Он вложил в руку Винсента золотые карманные часы с гравировкой на крышке. Блэквелл начал медленно крутить своё приобретение в руках и разглядывать без особого внимания, но с каждой секундой заинтересовываясь всё больше. Не открывая крышку, он поднёс часы к уху, однако не услышал тиканья:

— Сломаны?

— Ювелир утверждает, что в день, когда он выехал в Мордвин, часы шли предельно точно, — деликатно ответил Артемис, — Они не сломаны, а остановились.

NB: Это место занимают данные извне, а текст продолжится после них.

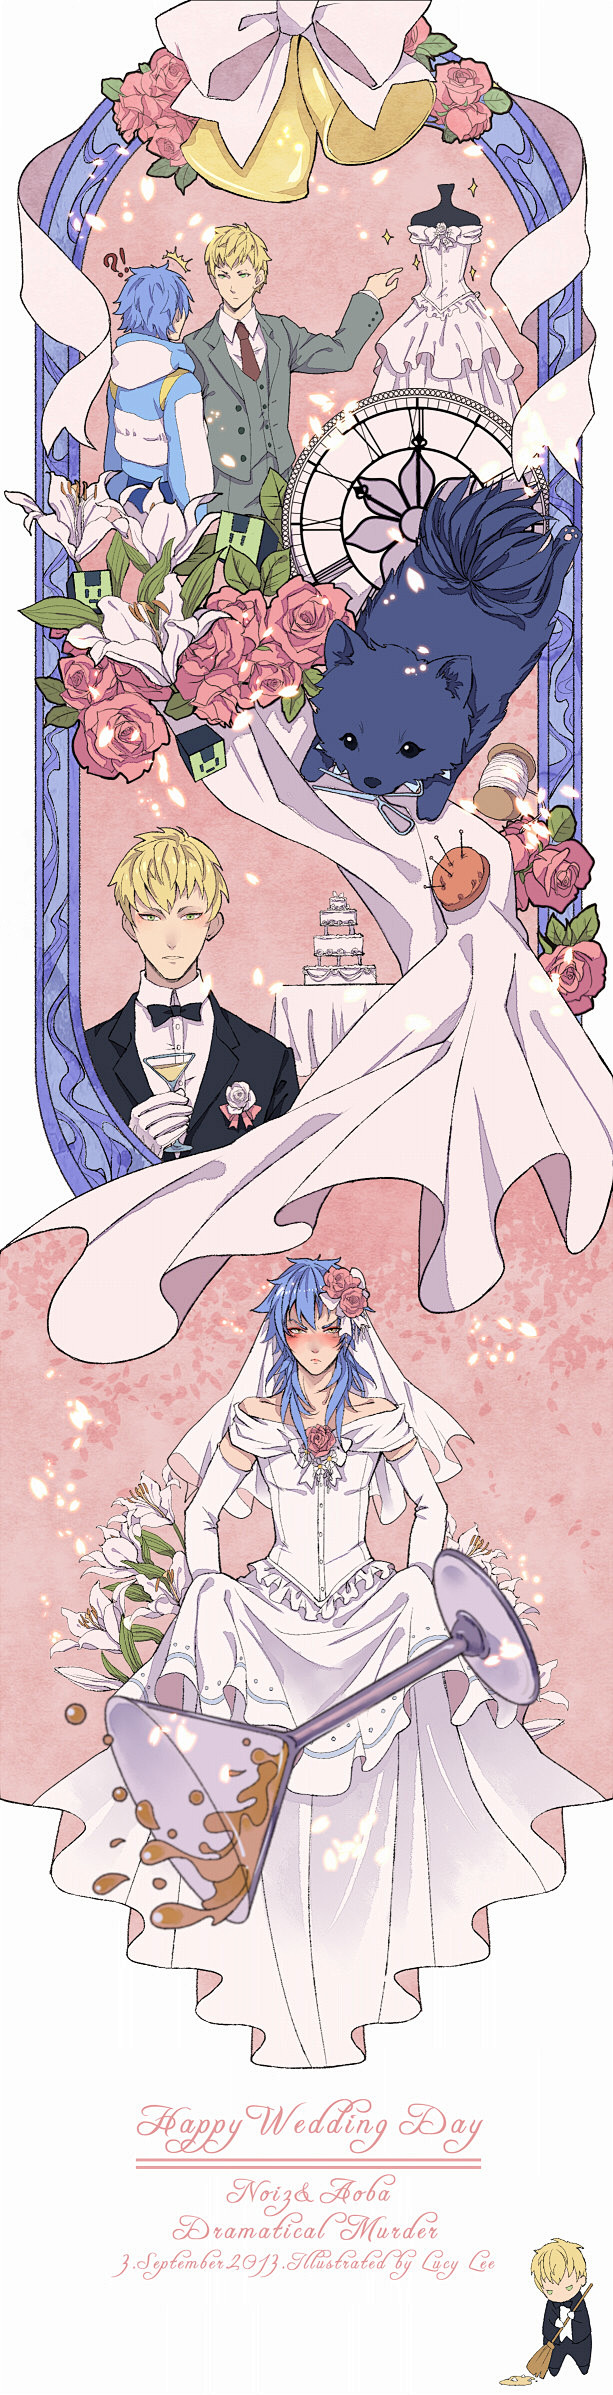 【DMMD】Weddingday
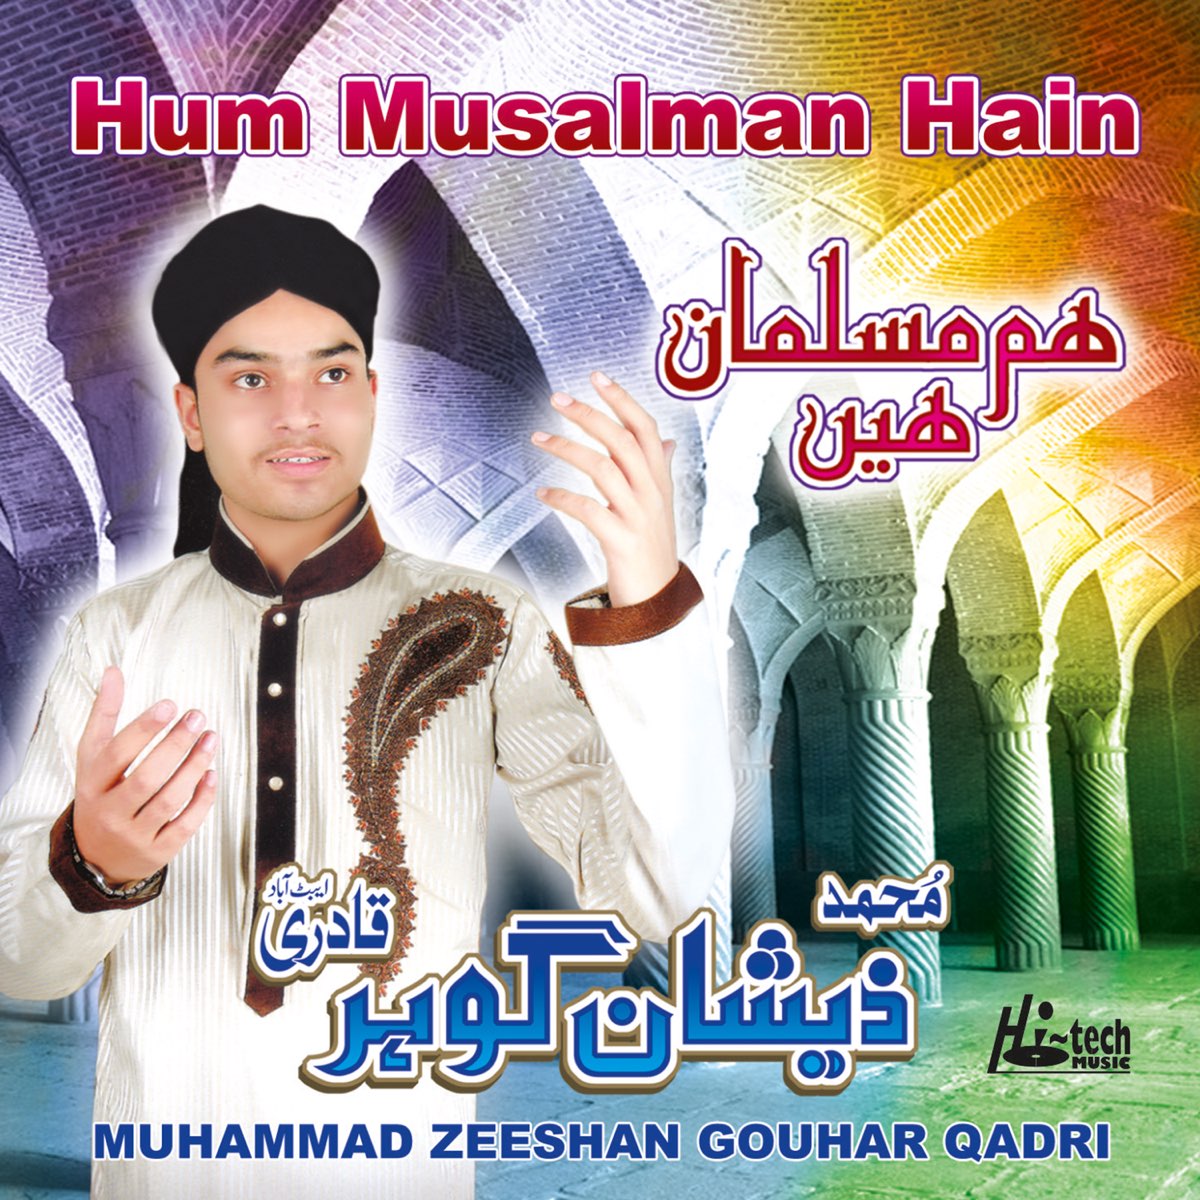 Haan Musalman Hoon Main – Upload On | The Indian Distribution

Винсент без лишних вопросов открыл крышку часов и увидел замершие в одном положении стрелки, показывающее роковой час: без двенадцати минут восемь. Ровно в это время случился взрыв в Арчере, унесший самое дорогое, что было у Винсента Блэквелла.

Он снова перевернул золотой корпус, осматривая часы уже совсем иначе. На обратной стороне был выгравирован пейзаж Мордвина, и это напоминало бы картину Элайджи Блэквелла, если бы не иной взгляд на вещи: замок, как и окрестности, были изображены с той наполненностью, которую Некроманту никогда бы не пришло в голову изобразить.

— Как сказал ювелир, картинка — точная копия рисунка заказчика.

Блэквелл дёрнулся, отворачивая голову в сторону.

— Зачем ты отдал мне это?

— Потому что это принадлежит тебе.

Артемис чувствовал, как между ним и Герцогом медленно возводится стена отчуждённости, как Блэквелл закрывается от него, оставаясь наедине со своим горем.

— Винсент, — позвал он Герцога, — Она была частью и моей жизни. Не просто частью: львиной долей моей заблудшей души.

— Тогда у тебя осталась хоть малая часть, чтоб жить дальше, — Винсент говорил это еле сдерживая гнев и боль, вырывающиеся наружу. Жилы на его мускулистом теле выступали, выдавая высокое напряжение и грани контроля, его мощная ладонь сжала миниатюрный золотой корпус часов с неимоверной силой, — Пойди прочь. Я хочу быть один, чтобы ни одна живая душа ко мне не приближалась.

— Винс, так нельзя. У тебя всё ещё есть цели, есть планы… — Артемис показал рукой на блокнот, полный записей, — Ты должен всё это воплотить.

— Круто ты придумал: я всем должен. Вечное бремя какого-то бессмысленного долга, и это ведь никогда ни на минуту не заканчивается! — он рыкнул злобно и дёрнулся так, что Риордан невольно отшатнулся, — «Любовь вечна» — так говорят, «любовь — самое сильное, что есть в мире», но на деле… на деле всё это байки, которыми травят неокрепшие детские умы. В реальности существует лишь нескончаемый долг, который с каждой минутой давит на тебя всё больше и больше — вот, что действительно вечно! Благодарность, отдача, чувство выполненного долга — всё это миф, но самый горький миф — любовь.

— Но она существует! — возразил Артемис.

— О да! — с безумной улыбкой перебил Блэквелл, обращая внезапно почерневший взгляд на друга, — Она существует. Она ещё более ужасна, чем описывают: она невозможна, она безумна, она… всепоглощающа. Но она скоротечна: проносится, сшибая с ног, даря надежду, а потом оставляет пустоту.

Риордан хотел что-то возразить, но не решался заговорить с Архимагом, потерявшим контроль, поэтому лишь смиренно опустил голову, не найдя нужных слов. Через несколько секунд колебаний, он решился лишь на одну фразу:

— Чем-я-могу-ТЕБЕ-помочь? — и тогда осторожно посмотрел в чёрные глаза, — Я хочу сделать что-нибудь для тебя, пока ты будешь сидеть здесь один.

— Найди мою Кастерви, — с решимостью сказал Блэквелл, — Бери всё, что хочешь: деньги, корабли, людей, но найди мою галеру. И… сделай так, чтобы я только подписывал, а ничего не читал, — он был немного спокойней, чем пару минут назад, наладив самообладание, но выглядя при этом по-прежнему опустошённым, — Я готовил другого приемника, обучая всему, что умею, но… судьба распорядилась иначе, поэтому настало время твоей игры, Артемис Риордан, — тяжёлый вздох, — Я даю тебе власть делать всё, что ты считаешь нужным.

Всё было слишком сумбурно и через чур неожиданно, поэтому Артемис встал на ватных ногах и не помня себя вышел прочь, оставляя Блэквелла наедине со своими мыслями, даже не обернувшись. Обернись он в последний момент, то обязательно бы заметил секундное смятение и растерянность на лице Герцога, который тут же сурово нахмурился, смотря сурово на свою сжатую ладонь, откуда доносилось то, что он счёл слуховой галлюцинацией.

То было слабое прерывистое тиканье, которое внезапно началось и также внезапно закончилось.